A compact and penetrating report by Ruth Gavison, professor emeritus of the Hebrew University School of Law, shows why the right's hopes for the law are wrongheaded.

"Constitutional Anchoring of Israel's Vision: Recommendations Submitted to the Minister of Justice" was produced in close cooperation with then-Justice Minister Tzipi Livni, who commissioned it in 2013, with input from Netanyahu. It is informed by the author's sympathetic and sophisticated appreciation of the complex mix of principles that inspired Israel's founding and which is embedded in the 1948 Declaration of Independence.

Gavison observes that broad agreement prevails among Israel's Jewish majority that at its core the country is and ought to be Jewish, democratic, and liberal even as sharp disagreement persists about the interpretation of each element and the practical implications of giving them their due. Forcing the vision into law, Gavison maintains, would hand over to the Supreme Court responsibility for making difficult decisions about delicate matters that are better worked out through the messy give-and-take of politics. Moreover, although the Israeli right's aim is to constrain the Supreme Court, a Jewish nation-state law, Gavison carefully argues, will in practice expand the court's jurisdiction by enlarging its authorization to rule on the state's Jewish character.

One can go further. Presented with the necessity of determining whether Knesset legislation is consistent with Jewishness, it is quite possible that the largely progressive and secular court would seize the opportunity to give Jewishness a largely progressive and secular interpretation. The court might very well hold that the core of Judaism consists in the message of the Hebrew prophets and interpret the essence of the prophets' message as one of freedom, equality and universal benevolence. Such a Supreme Court decision would widen the rift between secular and religious Jews in Israel.

There is a better way, Gavison counsels, to harmonize the Jewish, democratic, and liberal elements that constitute Israel. She recommends that Israel "act in a variety of ways -- both on the cultural and educational plane and the legislative and judicial plane -- to strengthen the broad endorsement of the core vision of the state." The work on the legislative and judicial plane should aim to create the maximum space in civil society for Israel's diverse sectors -- Jewish, Arab, and more -- to work out through political debate and mutual accommodation appropriate cultural initiatives and school curricula.

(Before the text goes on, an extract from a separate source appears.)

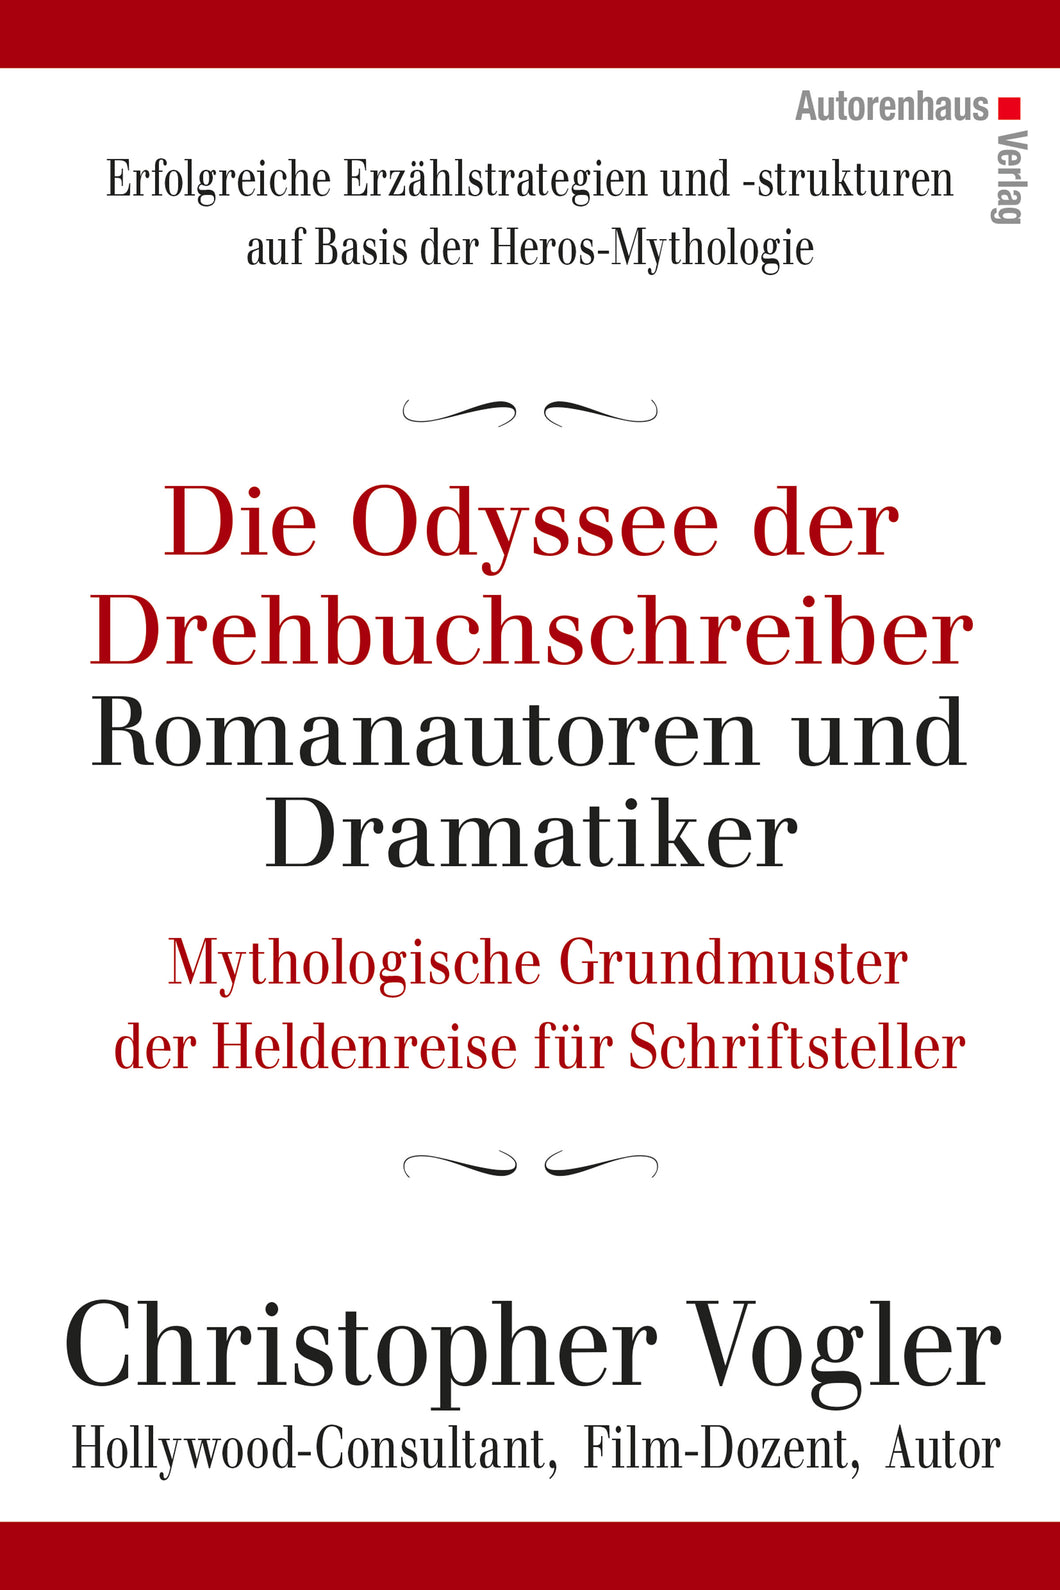 Christopher Vogler: Die Odyssee der Drehbuchschreiber, Romanautoren und Dramatiker
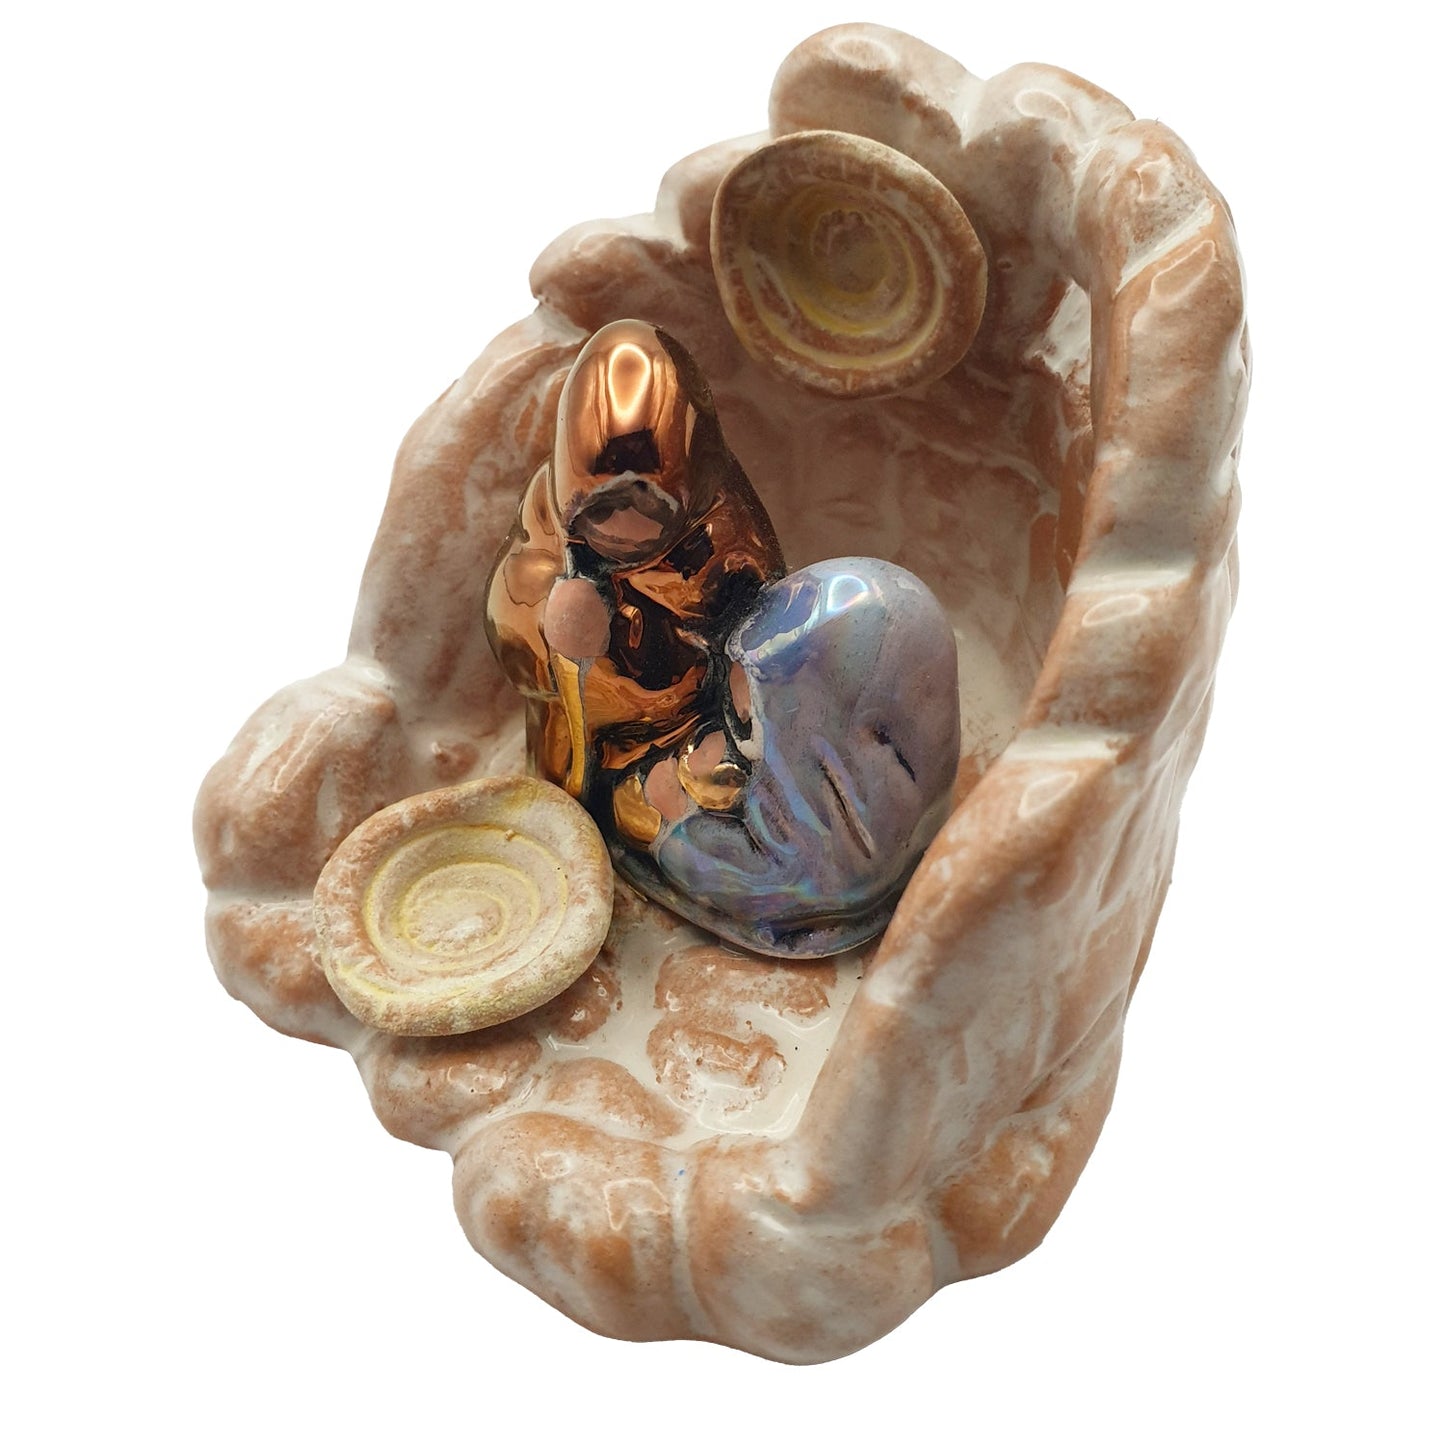 Presepe in ceramica sarda con nuraghe, smalto lucido, cm 6 - Artigianato Pasella

If one were to distill lessons from “The Federalist” and Tocqueville to apply to Israel's distinctive circumstances, one would reach roughly similar conclusions. Meanwhile, in the near term, the polls indicate a close election on March 17. If the result is a fourth term for Netanyahu, his right-wing coalition will press him to relaunch Knesset consideration of the Jewish nation-state law. The danger is that its real significance will be lost in the hubbub of angry parliamentary debate, overheated punditry, and ignorant knee-jerk reaction from abroad.

If Labor leader Yitzhak "Buji" Herzog becomes Israel's next prime minister, he will, with the backing of his center-left coalition, block reconsideration of the proposal. The danger is that the challenges to which it is addressed will be shrouded in silence.

The worthiest goals pursued through the Jewish nation-state law are better achieved without it. To preserve the delicate balance between its Jewish, liberal and democratic character, the Jewish state must -- preferably with, and if necessary without, the cooperation of Abbas -- take bold steps to disentangle itself from West Bank Palestinians. And Israel must redouble its efforts to build a sturdy political framework within which citizens can democratically debate how the state can best give expression to its Jewish character while respecting the rights of all.